### [EXERCISE]
A faithful copy is required: transcribe each line below exactly, minus the pictures.

### [PROVIDED MATERIAL]
═══
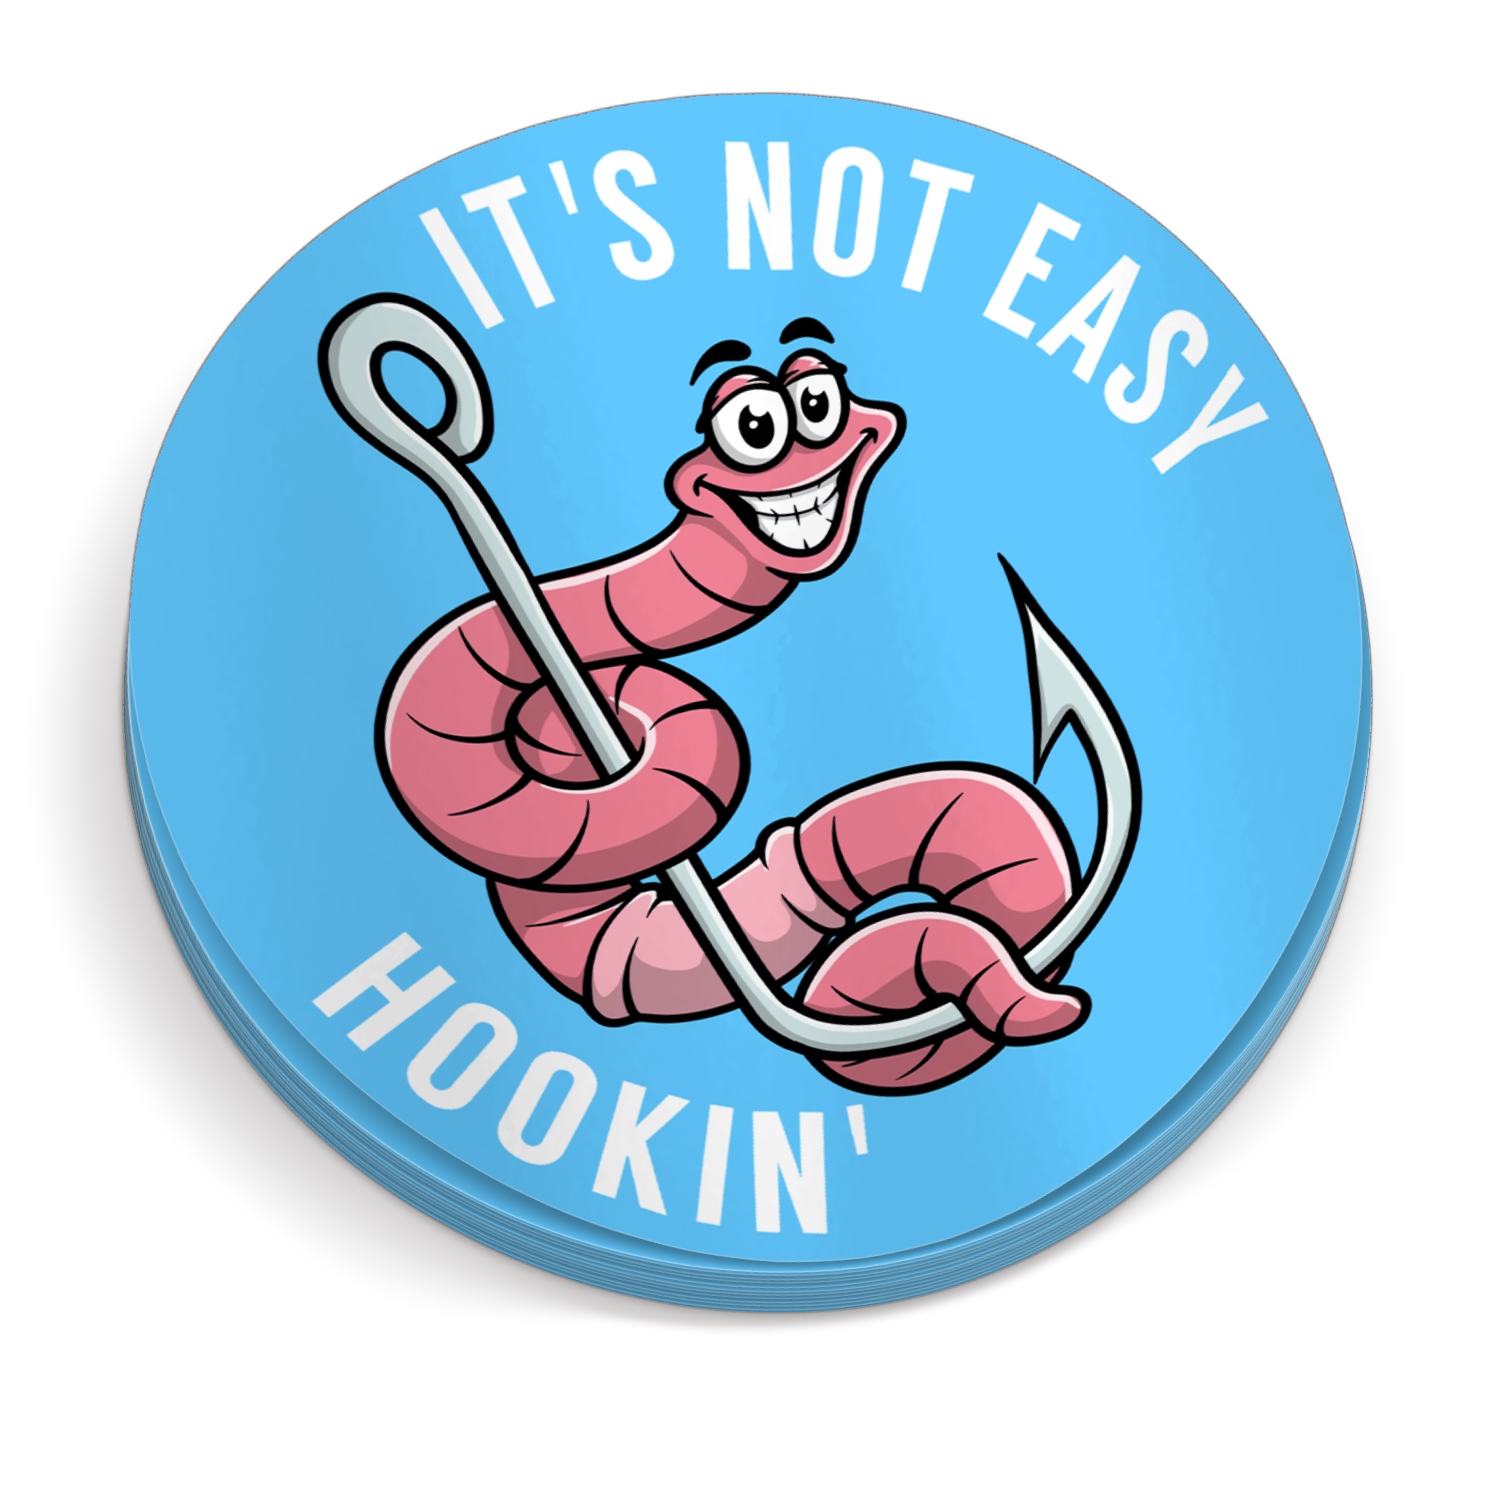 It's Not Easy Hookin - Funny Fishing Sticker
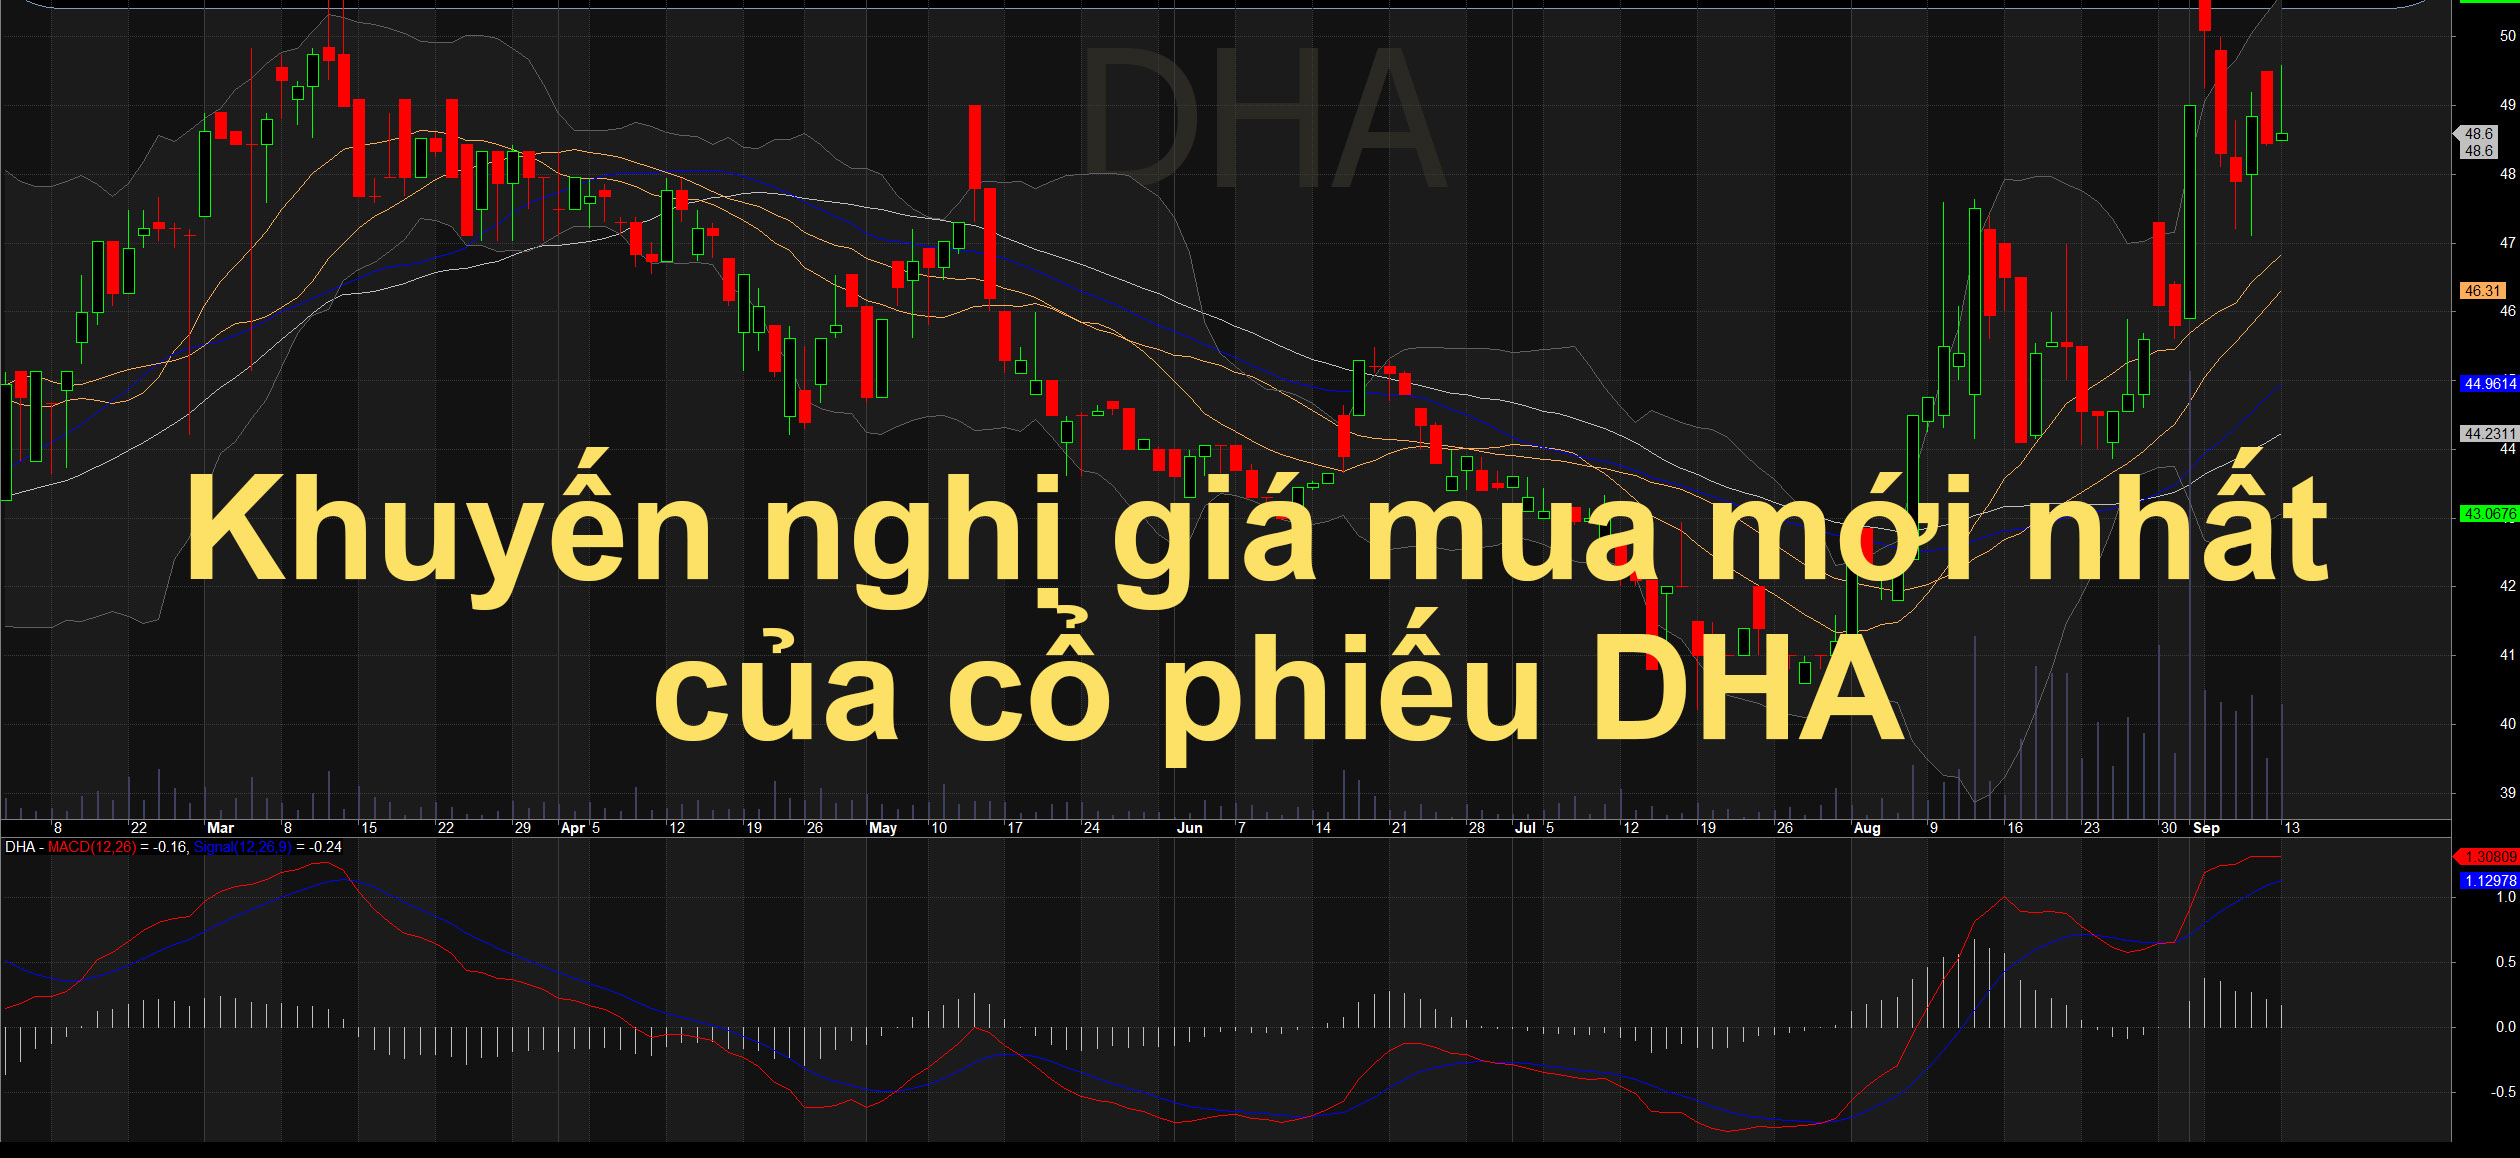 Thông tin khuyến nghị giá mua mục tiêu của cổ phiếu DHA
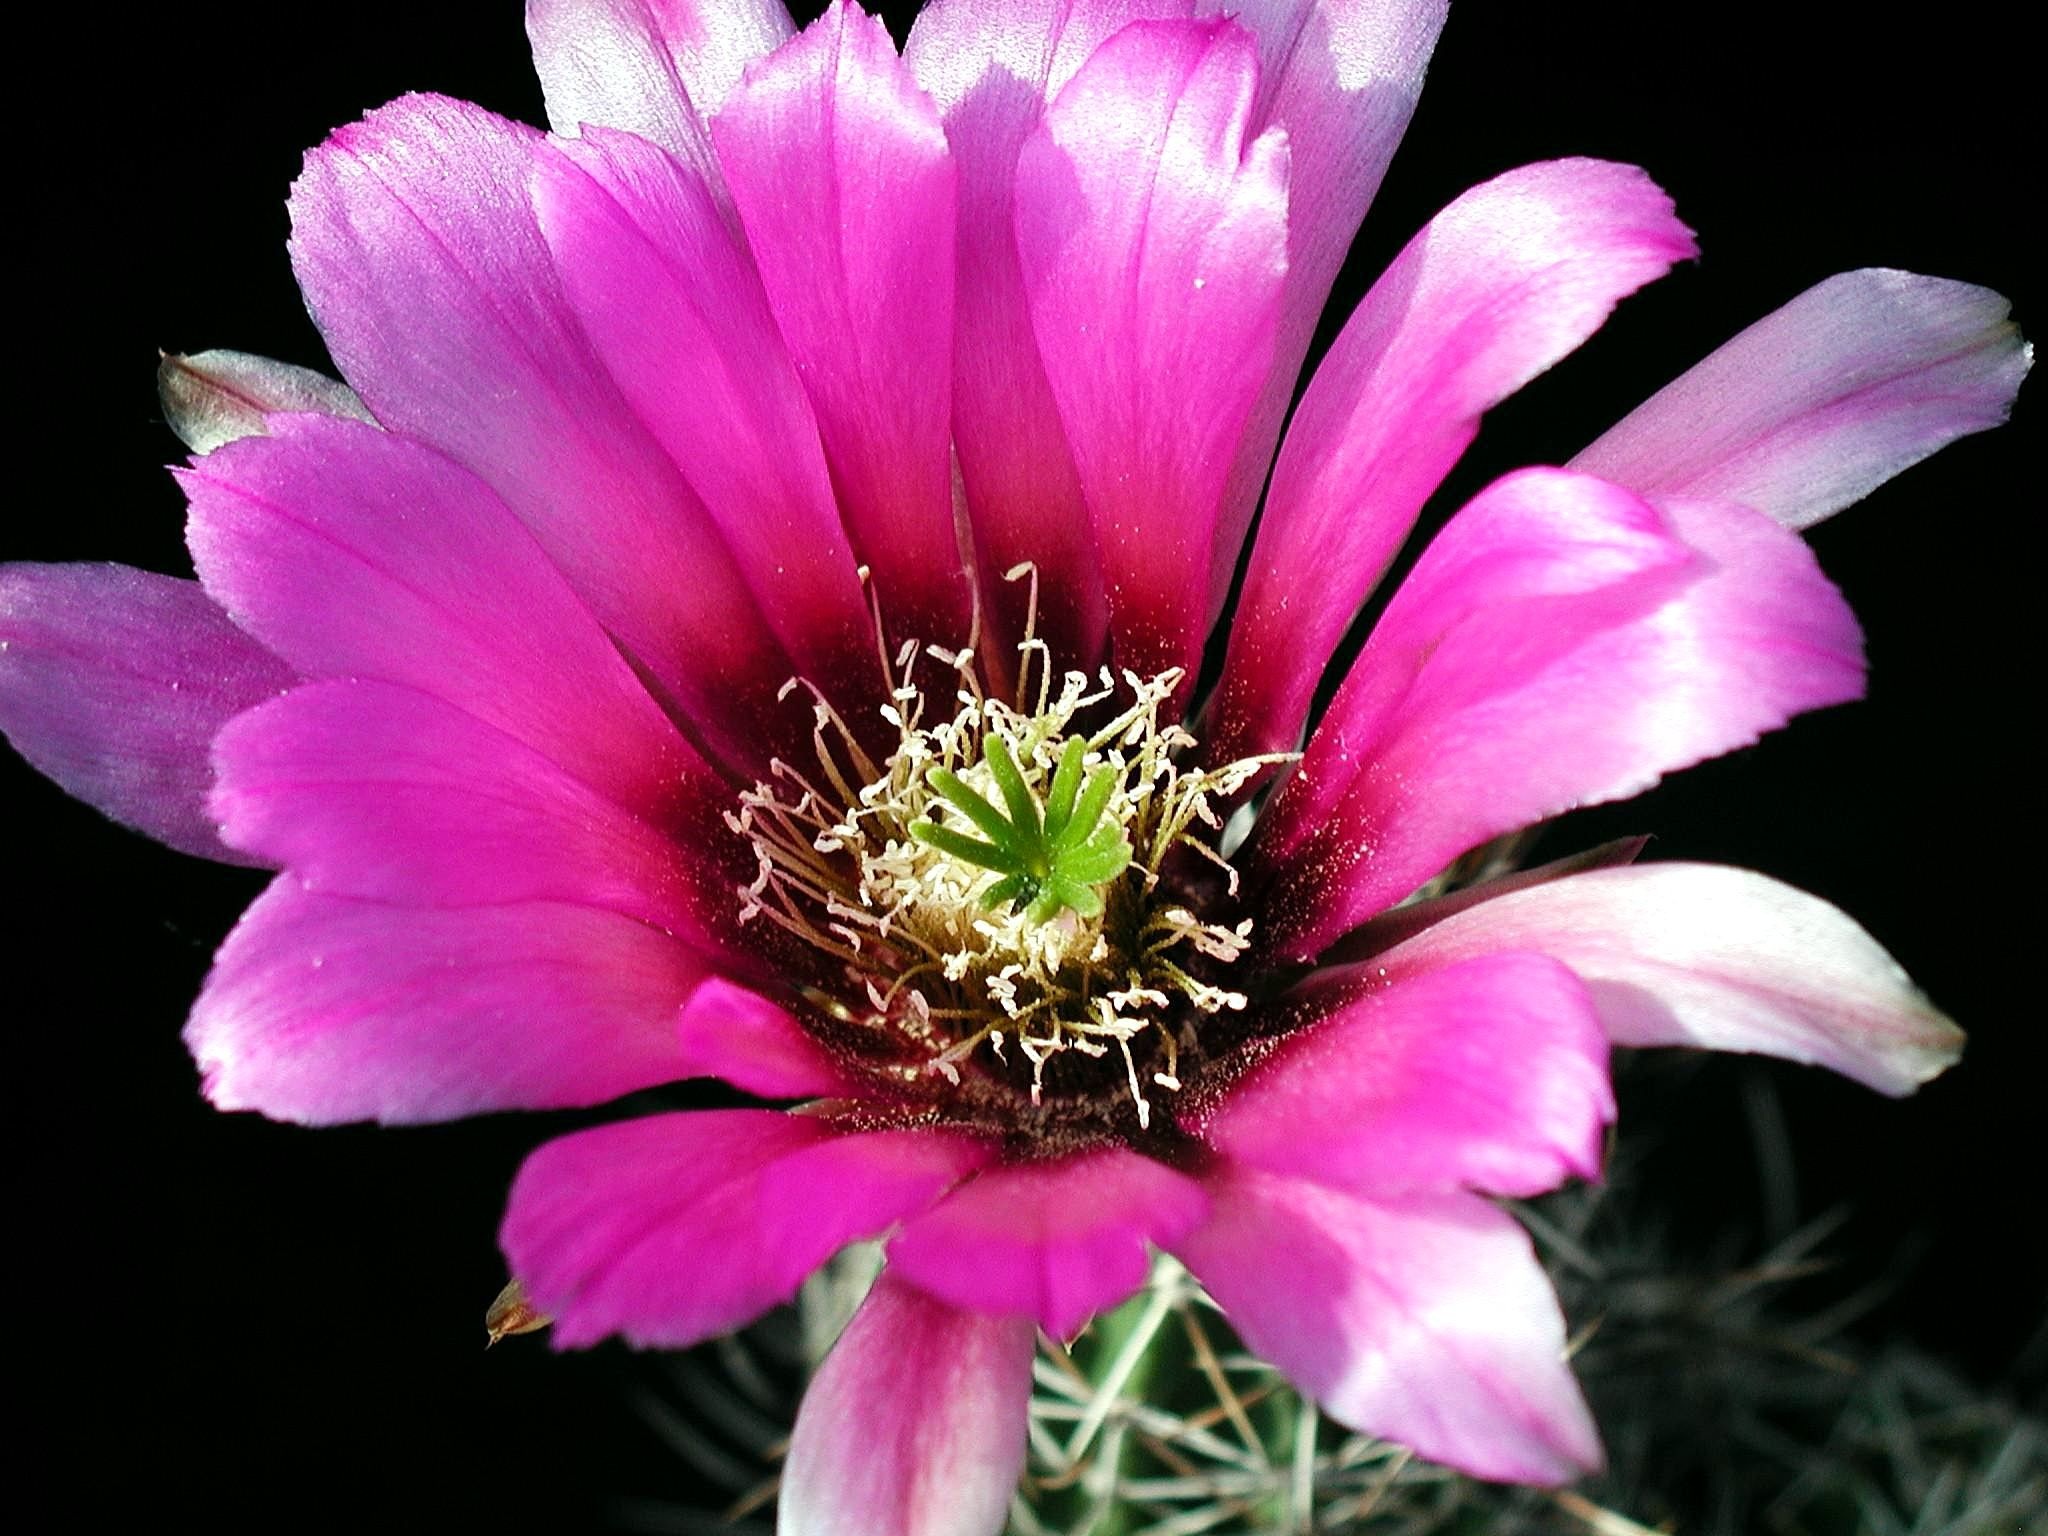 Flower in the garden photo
═══
### [ANSWER TO THE PROBLEM]
 It's Not Easy Hookin - Funny Fishing Sticker
 Thông tin khuyến nghị giá mua mục tiêu của cổ phiếu DHA
 Flower in the garden photo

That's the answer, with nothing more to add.